What will I find when I return home?

The asteroids whizz past. My heart is empty.

In my subjective experience, this mission has lasted ten years and two hundred and seventy days. That is a total of three thousand, nine hundred and twenty-three days. I was thirty-seven years and fifteen days old, when this mission launched. The voyage is in its final phase, the slingshot round the outer planet complete.

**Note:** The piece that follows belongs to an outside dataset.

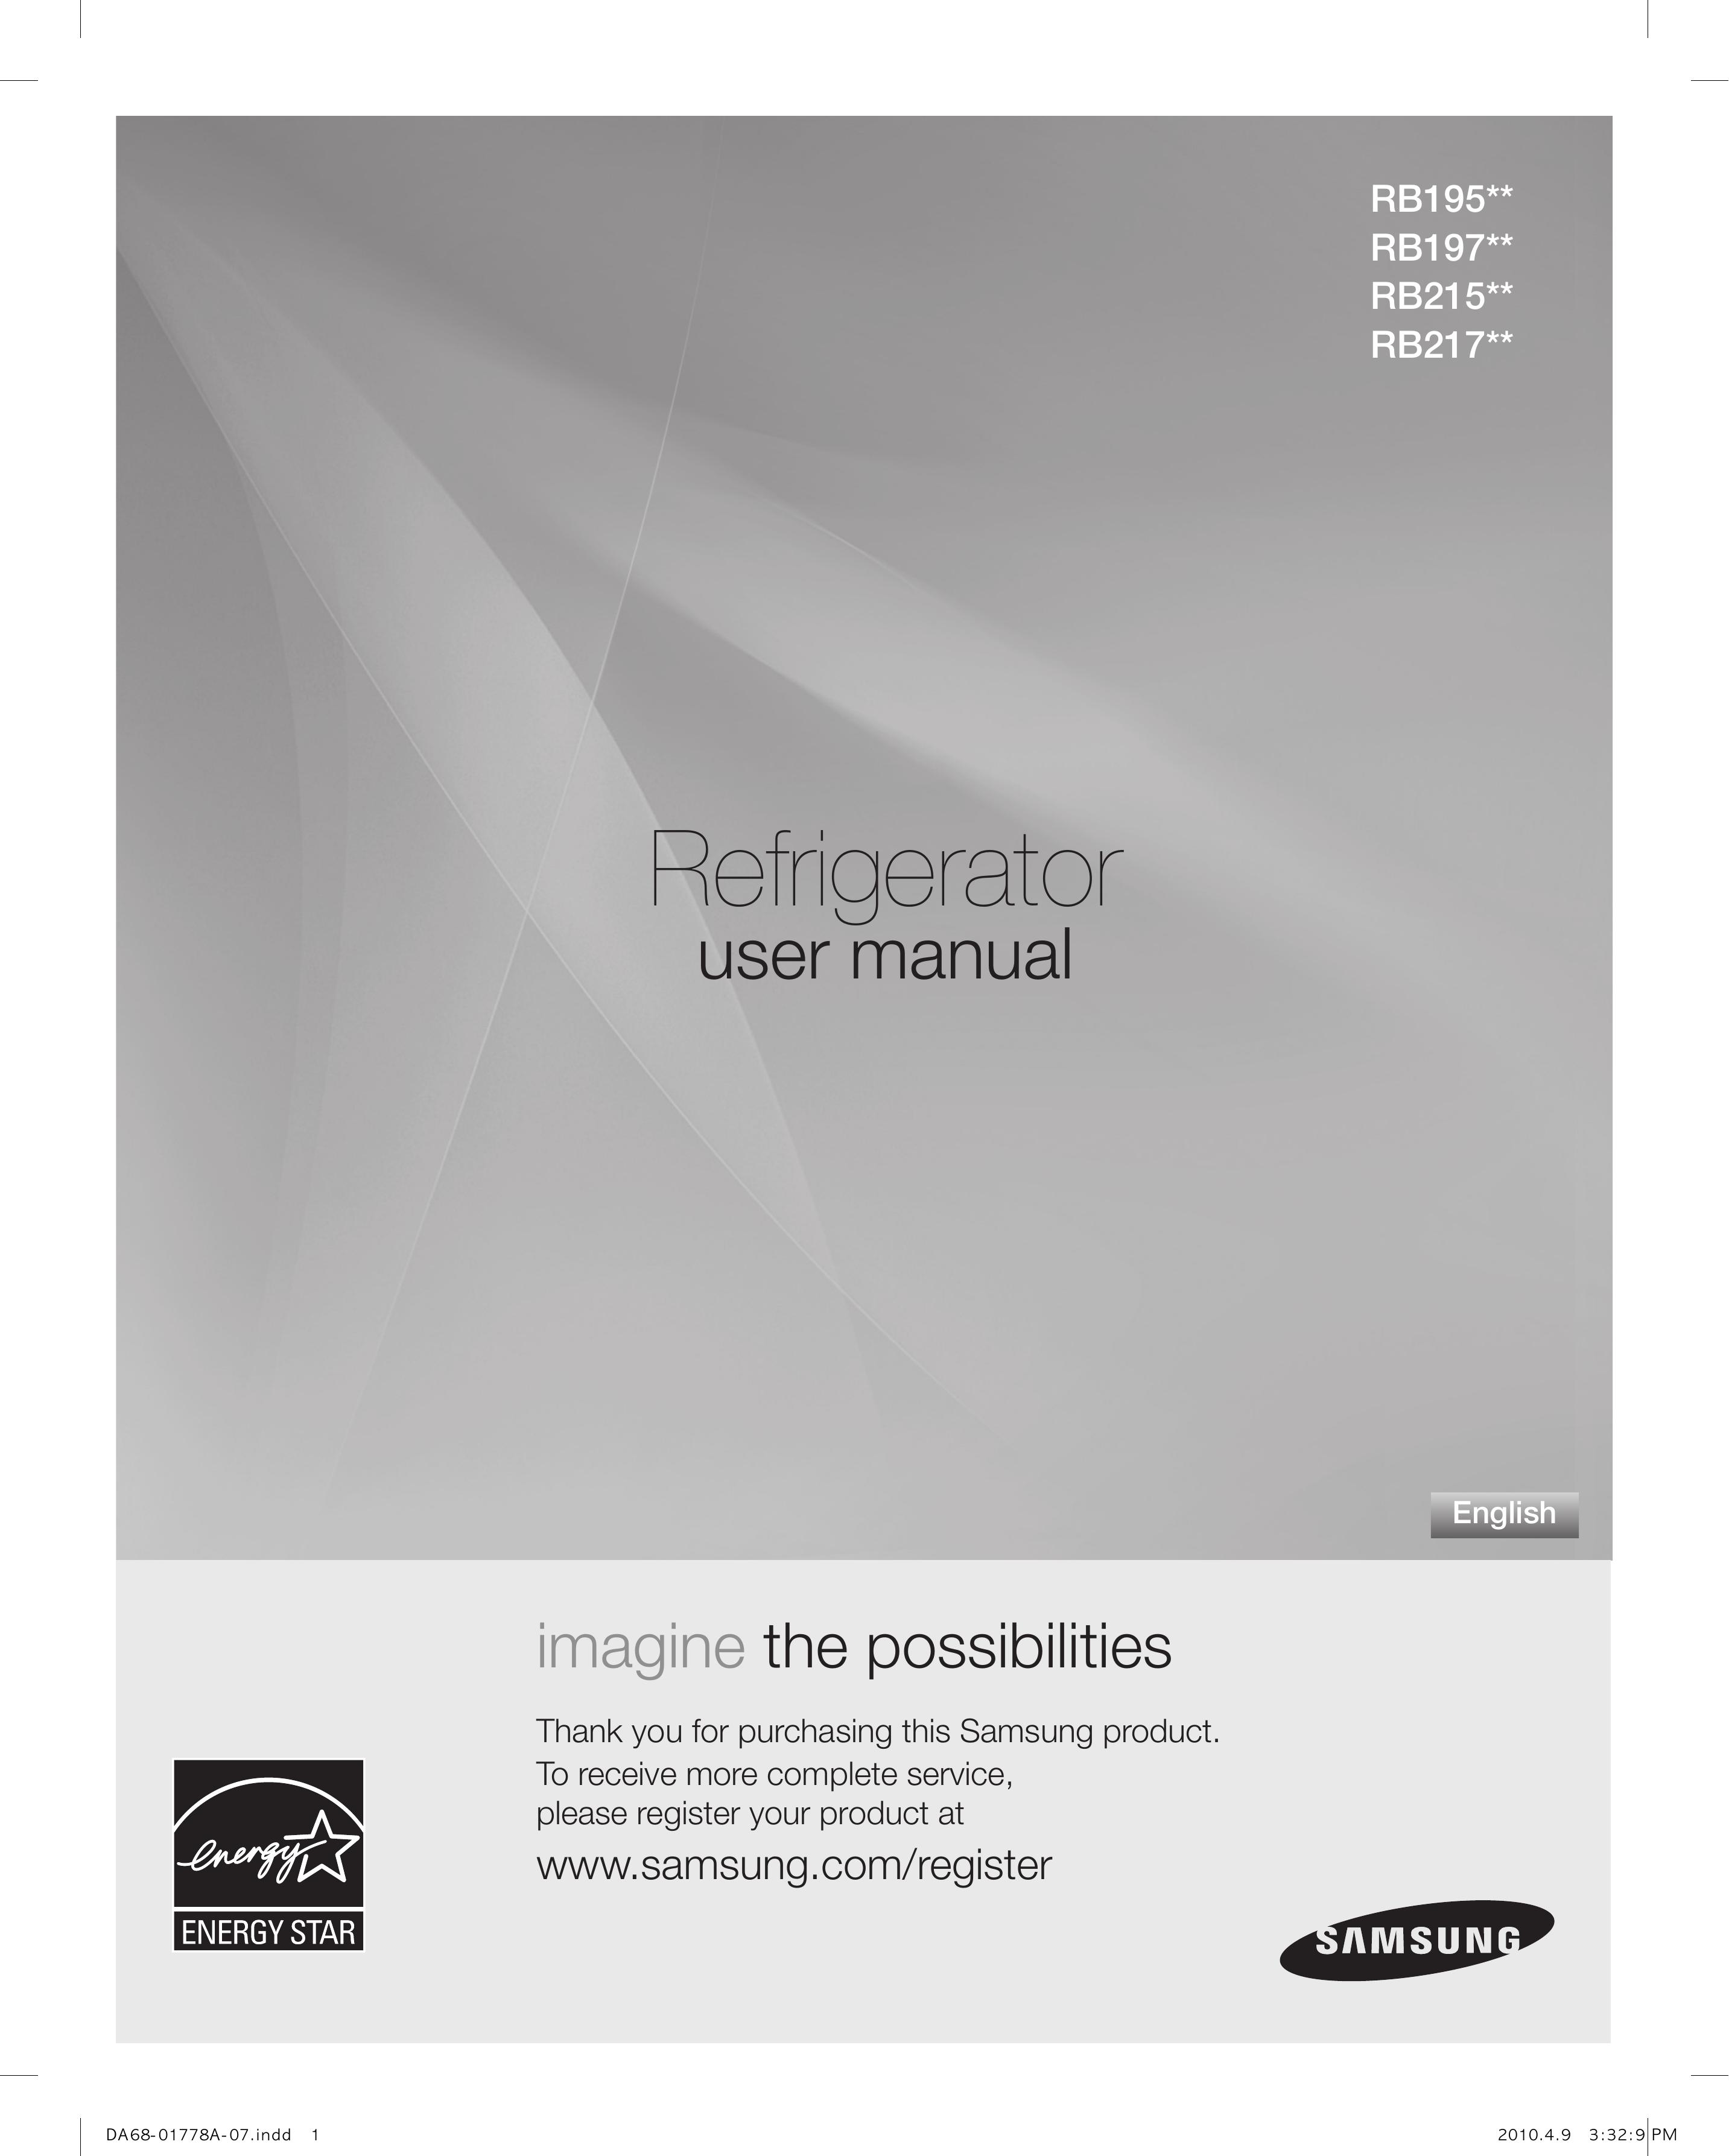 Samsung RB195 Refrigerator User Manual

Soon I will be home. Soon the grand mission will be over. All the data I have collected, and all the samples I took, will be unloaded, downloaded, digitally rendered and made available to the scientific community. They will be put into storage, and occasionally pieces will be shaved off, and prodded, poked, burned, dissolved, and irradiated in laboratories for decades to come. The endless process of science, man's great journey towards that ultimate goal of perfect knowledge of everything will be advanced to a shocking degree. I will be feted, invited onto talk shows, have serious articles written about me in scientific magazines and sunday supplements, and not-so-serious ones will be shown on television. My mission, and my career, will be a resounding success.

When I land, I will be thirty-eight years and two hundred and eighty-five days old, according to the passage of time as I perceived it.
Due to the effects of relativity, it will be fifty-four years and one hundred and sixty-one days since I was born. How old will that make me, I wonder? The question is a familiar one; many philosophers, psychologists, writers and others have speculated about this issue, and debated, to greater and lesser degrees of profundity, the effect that it would have on a man like me. I am privileged; I am an historic figure. When the effects of near lightspeed travel on time are explained to children, it is my life they shall use as an example. I will remain unique in this situation; for a number of reasons, no mission such as mine will be carried out again for quite some time.
Another person in a unique situation, is my wife.
We have been apart for a long time, but she has had longer to wait than me. I am Peter Pan, returned to Wendy's window, to find that she is ever so much older than twenty. She was younger than me, the naive foreign postgraduate marrying the glamorous all-american pilot. My country, to her, was fresh, and exciting. I showed it to her, and through her enthusiasm and her pure joy of living, I was made young.

Now, it shall be her turn to teach me something new. As far as I know, she is waiting, and she is well. Two years ago (my time), radio contact was re-established on schedule.I have had conversations with her and others. Due to the time-delay, they have taken months to reach me. it was even longer for her. But she is well. Our son, deliberately conceived in the months before I left, is doing well at school, and looks like me, so she says. No pictures have been sent. None are allowed.

She looks forward to my return. As do I. Even knowing what I do.

Five years, (earth time) after I left on the mission, contact was made with the Skarin.